Work order:
Any picture in the listing is left out of the copy; all else is duplicated exactly.

Exercise data:
□ □ □

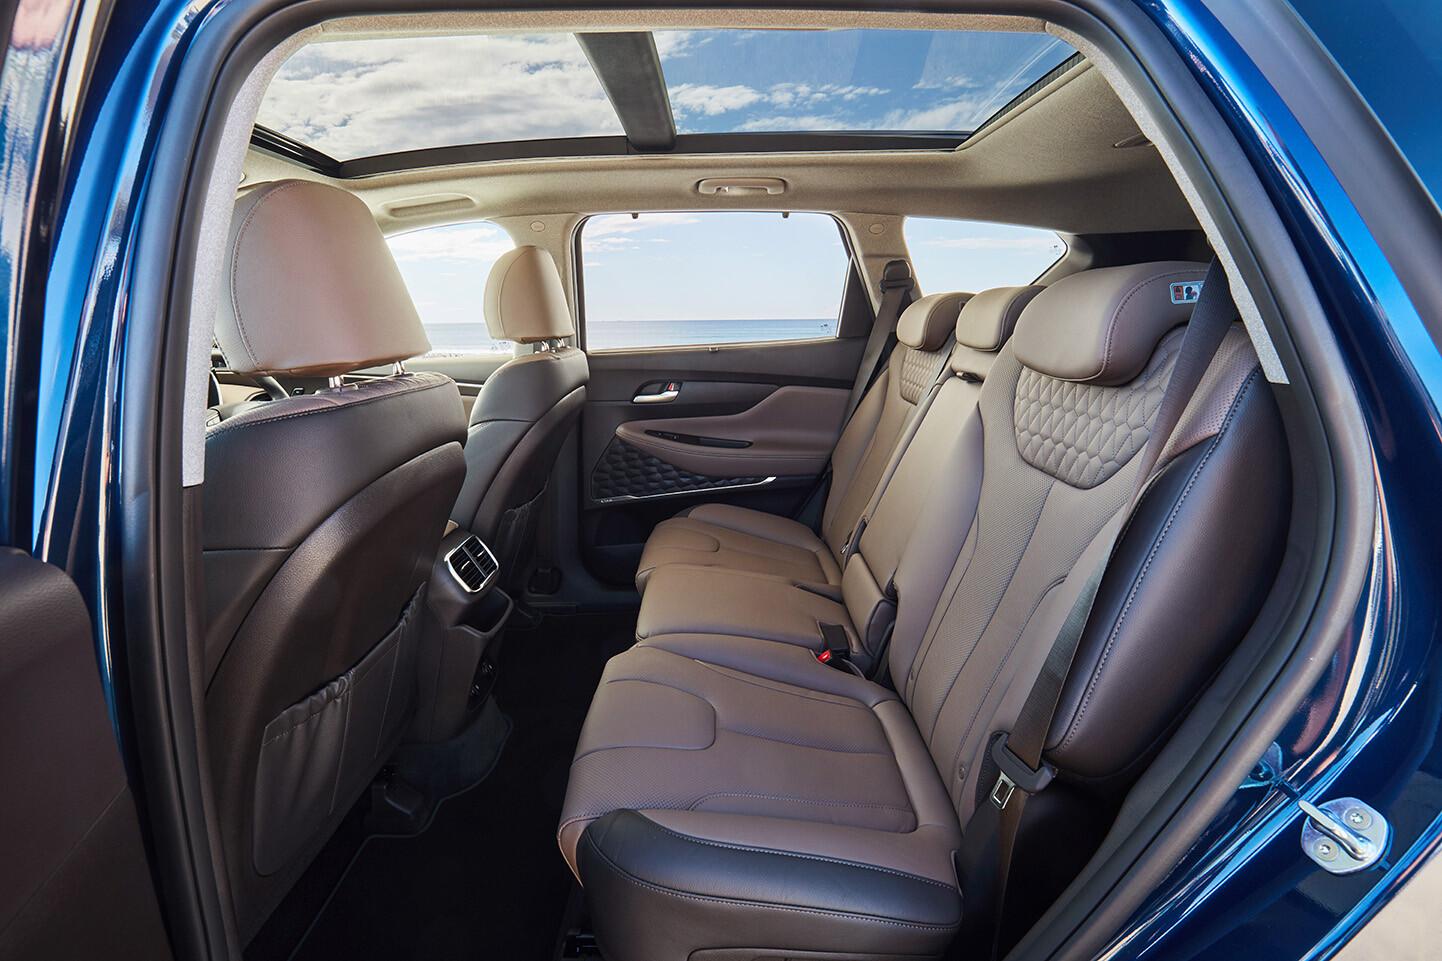 Hyundai Santa Fe middle row
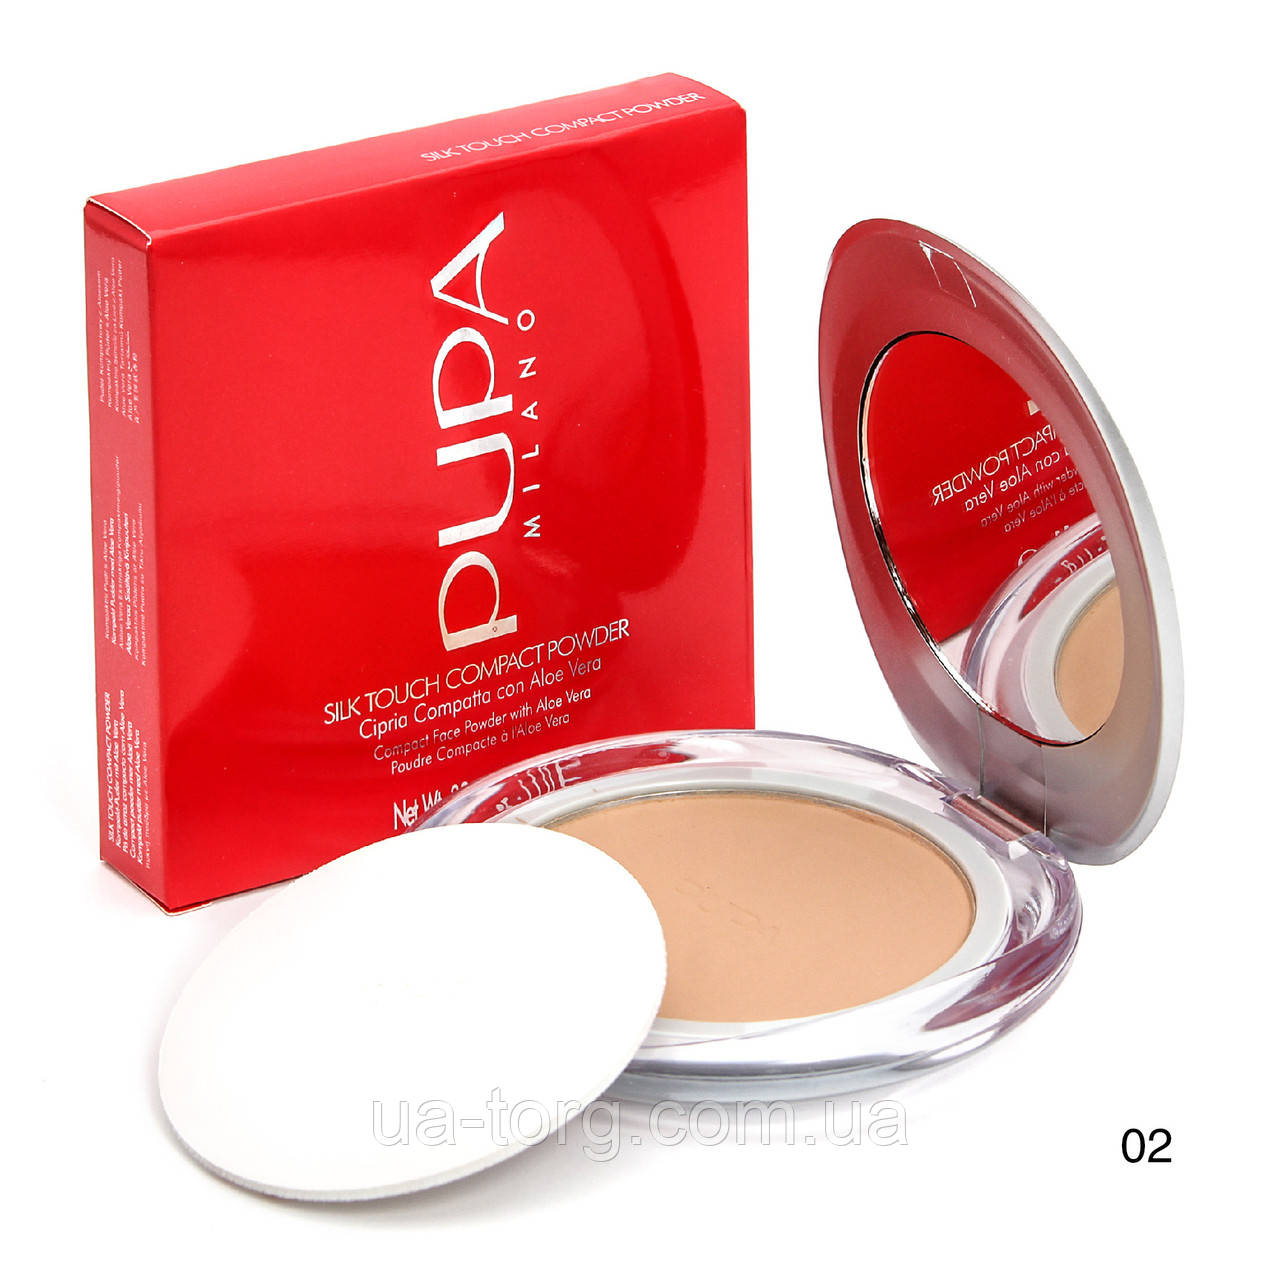 Компaктнaя пудрa Pupa Silk Touch Compact Powder  №2
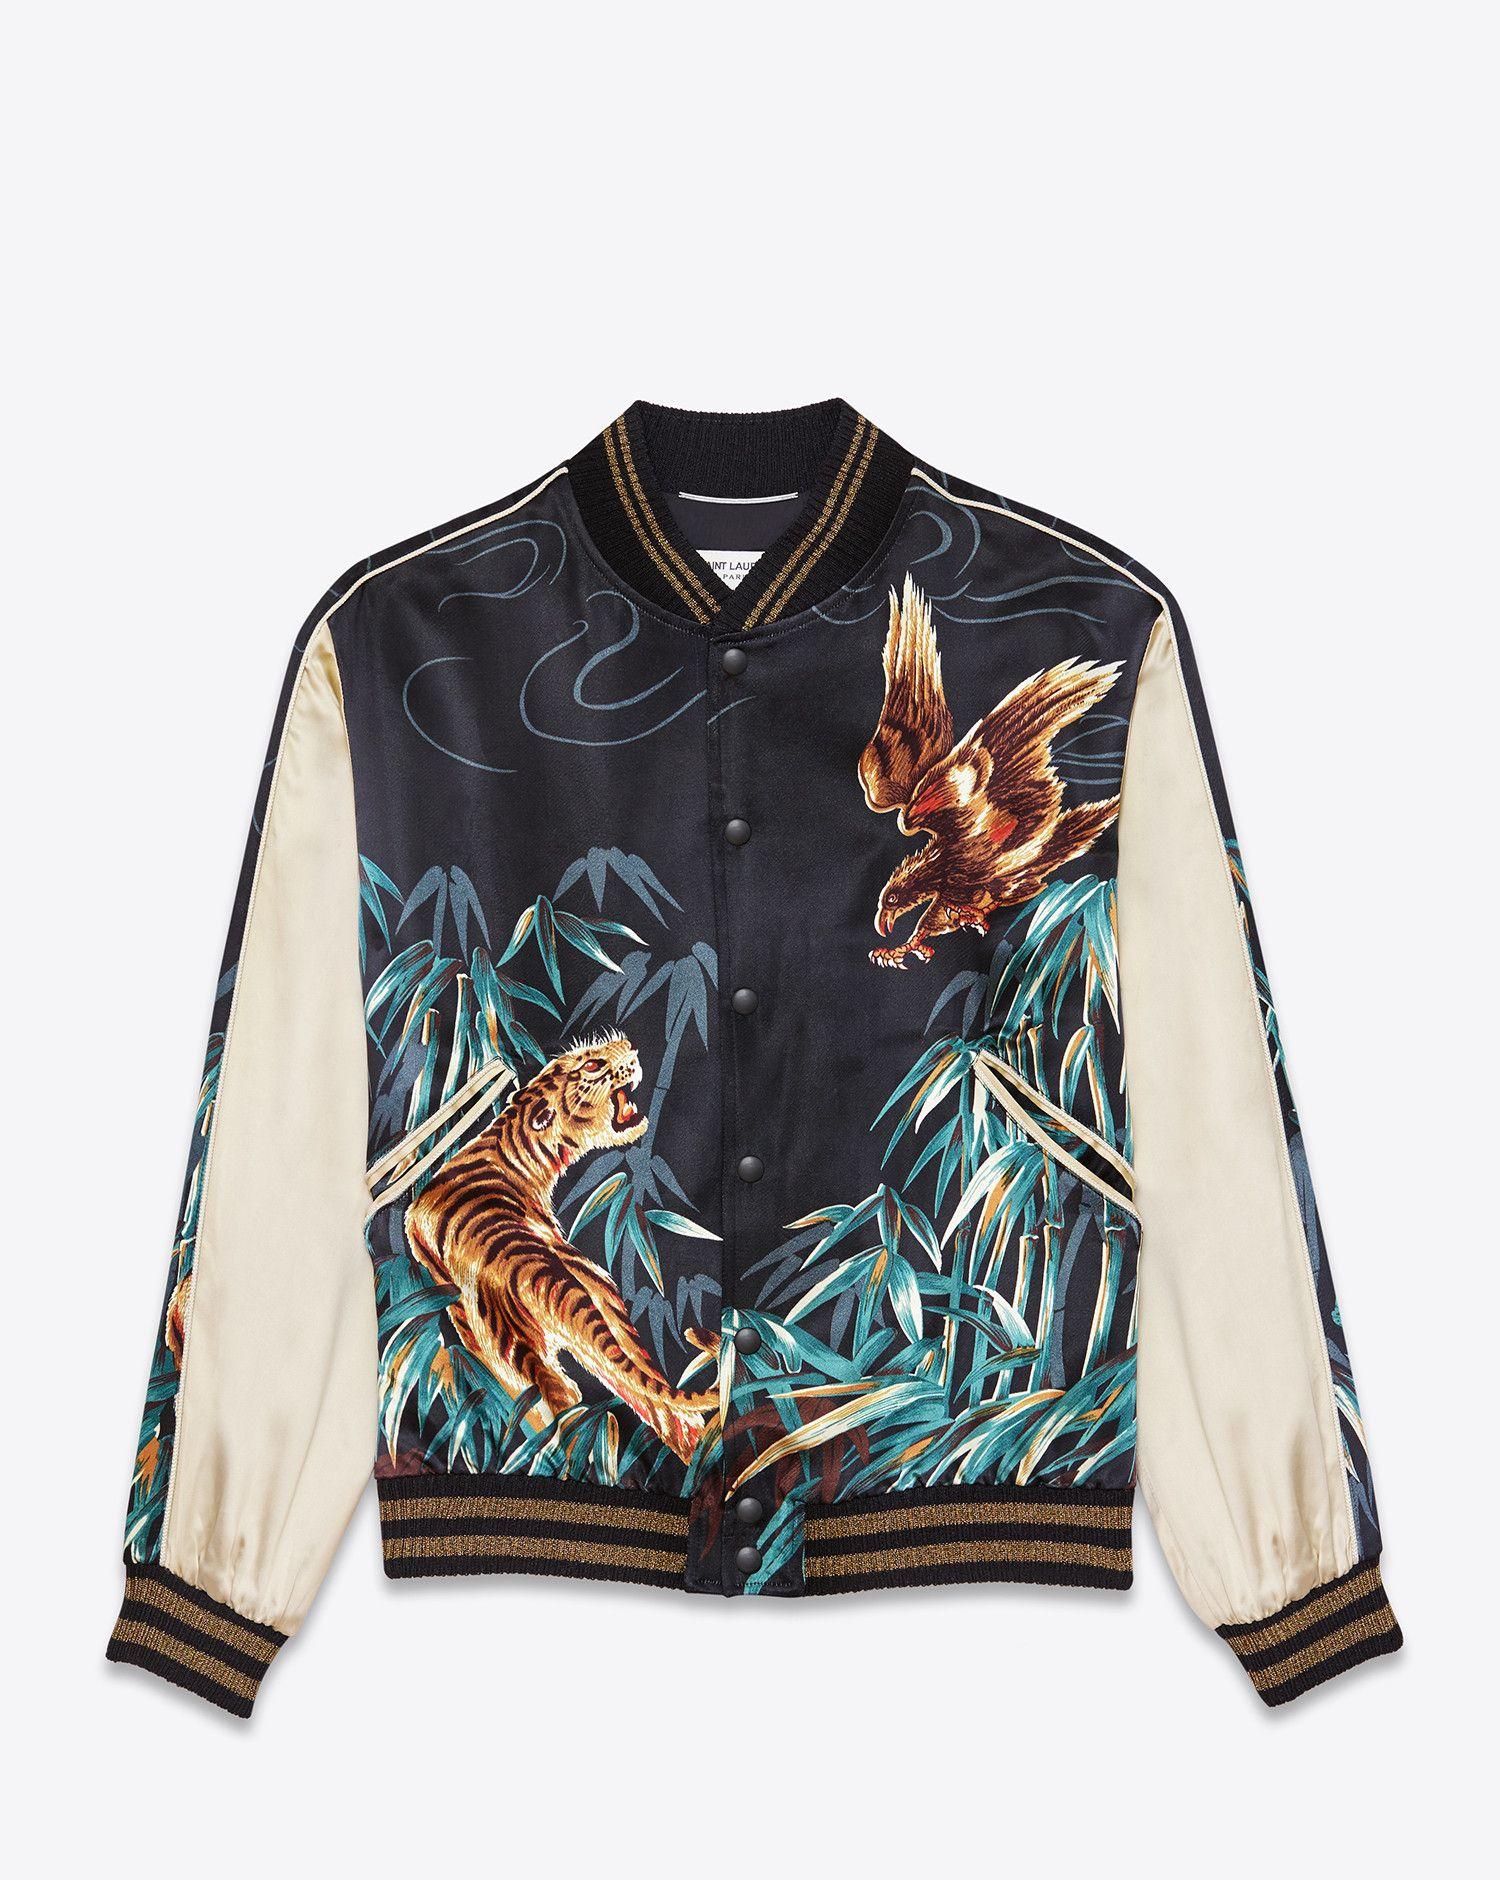 0de2311c1be6 Kanye West Spotted In Saint Laurent Jacket   Custom Vans Sneakers ...

□ □ □

Expected output:
 Hyundai Santa Fe middle row
 Компaктнaя пудрa Pupa Silk Touch Compact Powder  №2
 0de2311c1be6 Kanye West Spotted In Saint Laurent Jacket   Custom Vans Sneakers ...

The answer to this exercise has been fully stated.